Over the years, technical refinements in the procedure have led to enhanced short and long-term results. Robotic-assisted minimally invasive esophagectomy (RAMIE) was introduced as a solution to address the inherent limitations and technical challenges associated with traditional MIE. RAMIE has been proven to be a safe and viable alternative, resulting in reduced cardiopulmonary complications, wound infections, blood loss, and hospital stays compared to open esophagectomy. Recent meta-analyses and systematic reviews indicate that RAMIE is on par with conventional MIE, and the potential advantages mentioned above could soon lead to a shift in the standard care for resectable disease patients[4]. While numerous studies have examined open esophagectomy and MIE, a debate persists regarding the comparative oncologic effectiveness of the transhiatal (THE) and transthoracic (TTE) approaches. Comparative investigations between these two approaches suggest that the transhiatal approach offers an early survival advantage with lower mortality rates and higher 5-year survival rates, but no significant difference in long-term survival[5]. Moreover, several studies have noted that the THE approach may be the preferred method for older or high-risk surgical patients, as THE prioritizes minimizing complications and prompt postoperative recovery[6]. However, it is essential to note that despite advocating for this technique, its superiority over the transthoracic approach remains somewhat limited, as both methods have demonstrated satisfactory outcomes[7]. To this point, recent studies show that the volume of experience of the surgeon is probably a more important factor in predicting operative mortality and complication rates than the choice between the transthoracic approach and the transhiatal approach[8].

The FDA-approved da Vinci robotic platform by Intuitive Inc.® assists in a wide range of abdominal operations, particularly those involving deep and narrow anatomical spaces.
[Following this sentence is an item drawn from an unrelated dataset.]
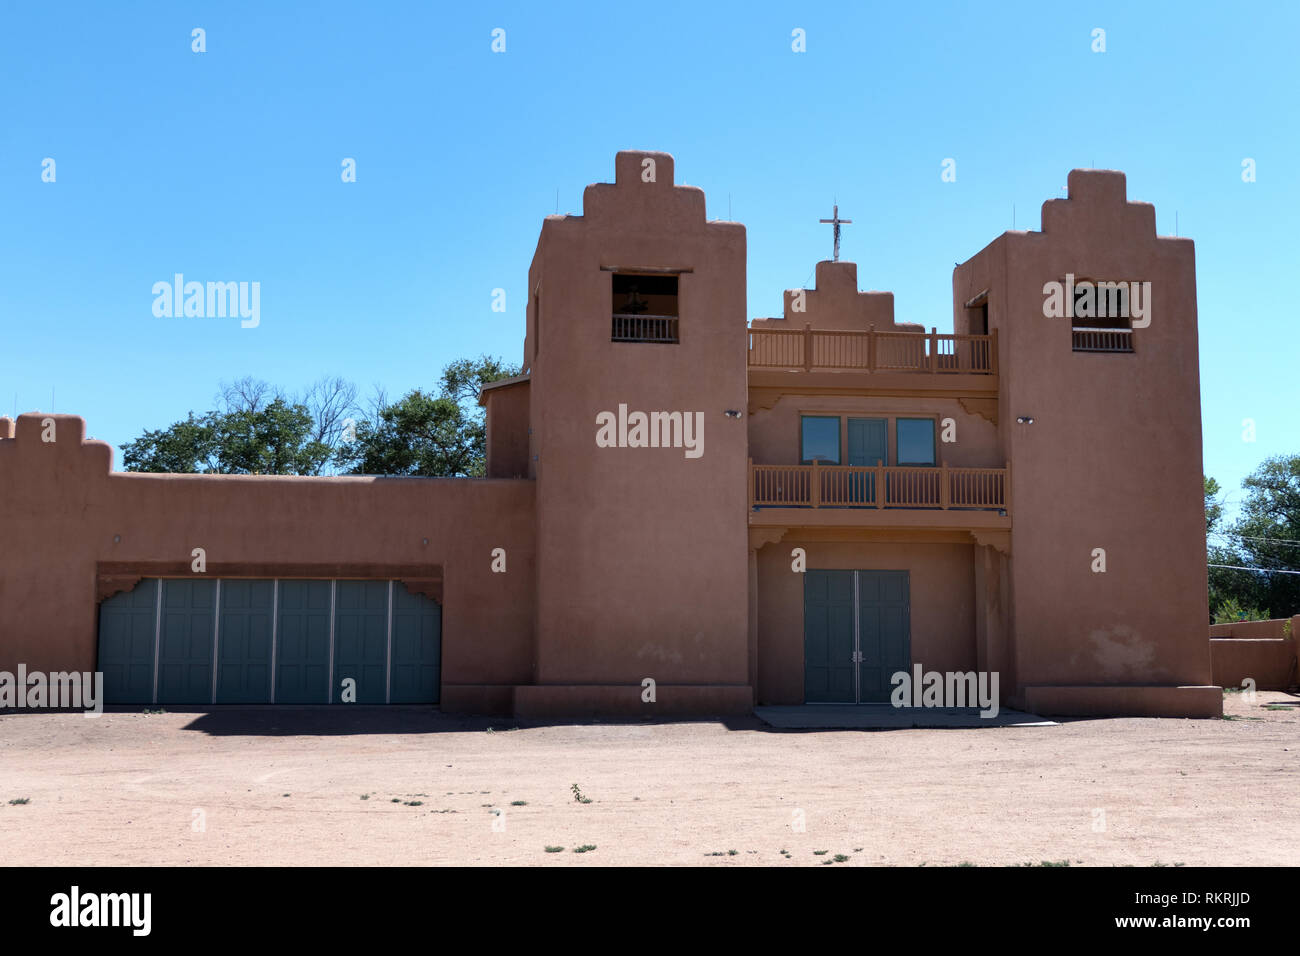 Alte katholische Kirche in Tesuque Pueblo, Santa Fe County, New Mexico, Vereinigte Staaten von Amerika. Blick auf ein kleines indianisches Dorf im Südwesten der USA Stockfoto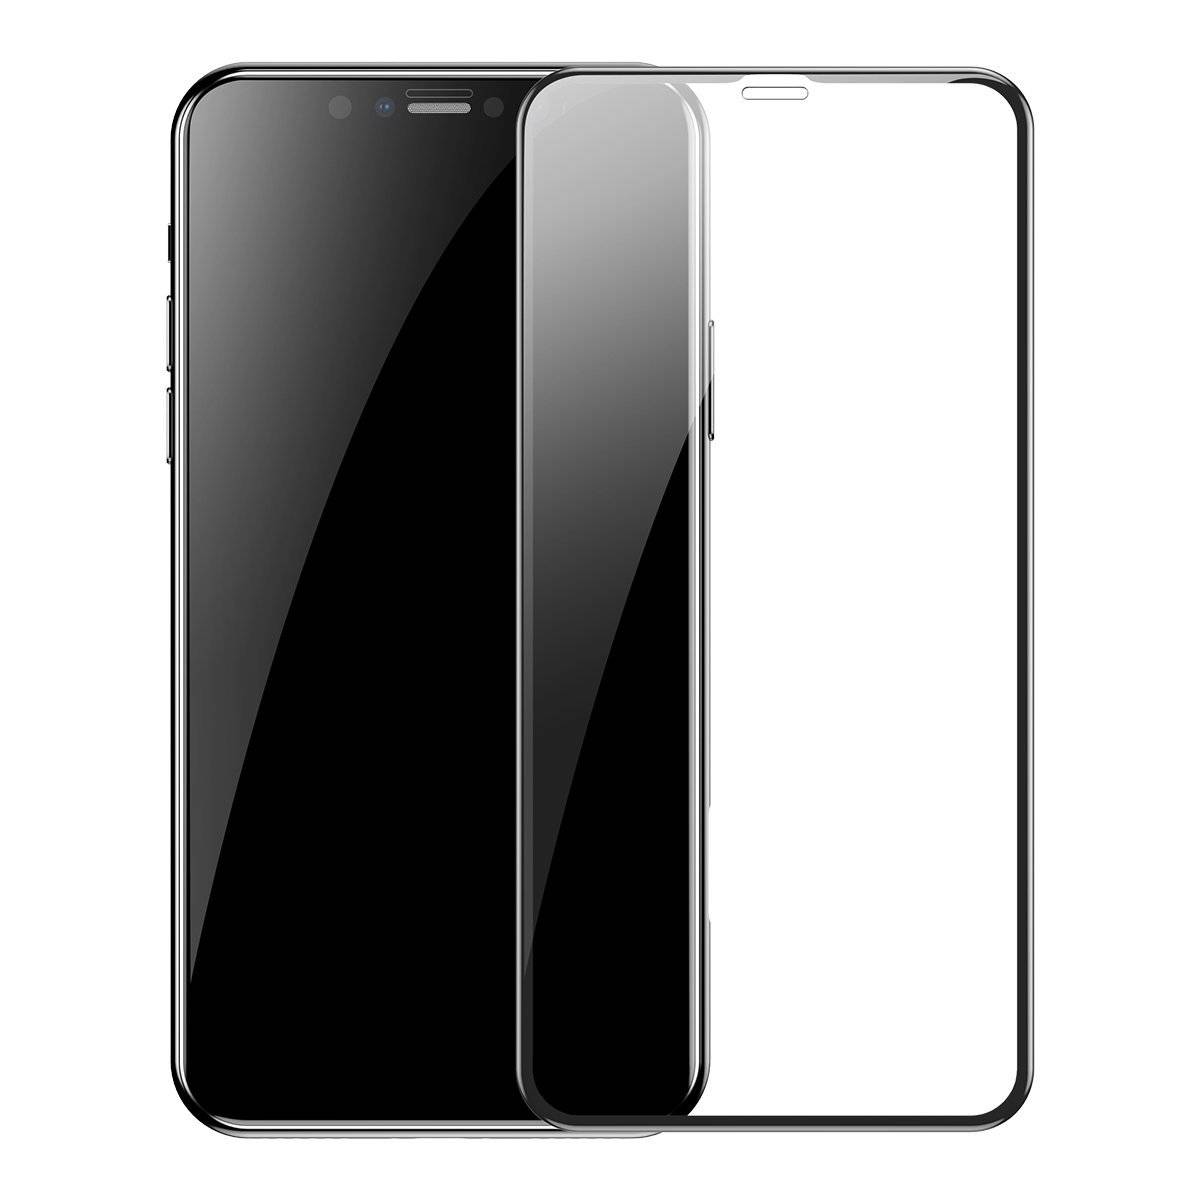 Set 2 folii de sticla pentru protectie ecran, Apple iPhone XR / 11, Baseus Tempered Glass, 6.1 inch imagine

The robot includes three fundamental techniques: freely swinging arms, three-dimensional high-definition video image technology, and human-computer interaction design of the main control console[9]. The performance of optical image instruments has promoted rapid development in machine vision technology. This enables surgeons to access challenging areas without the need for invasive maneuvers, providing excellent three-dimensional visualization and eliminating tremors. The robotic approach has not significantly changed the indications for esophagectomy, or the surgical techniques used. However, the use of the robotic platform can allow surgeons to perform MIE, which may curtail surgical insult to more patients.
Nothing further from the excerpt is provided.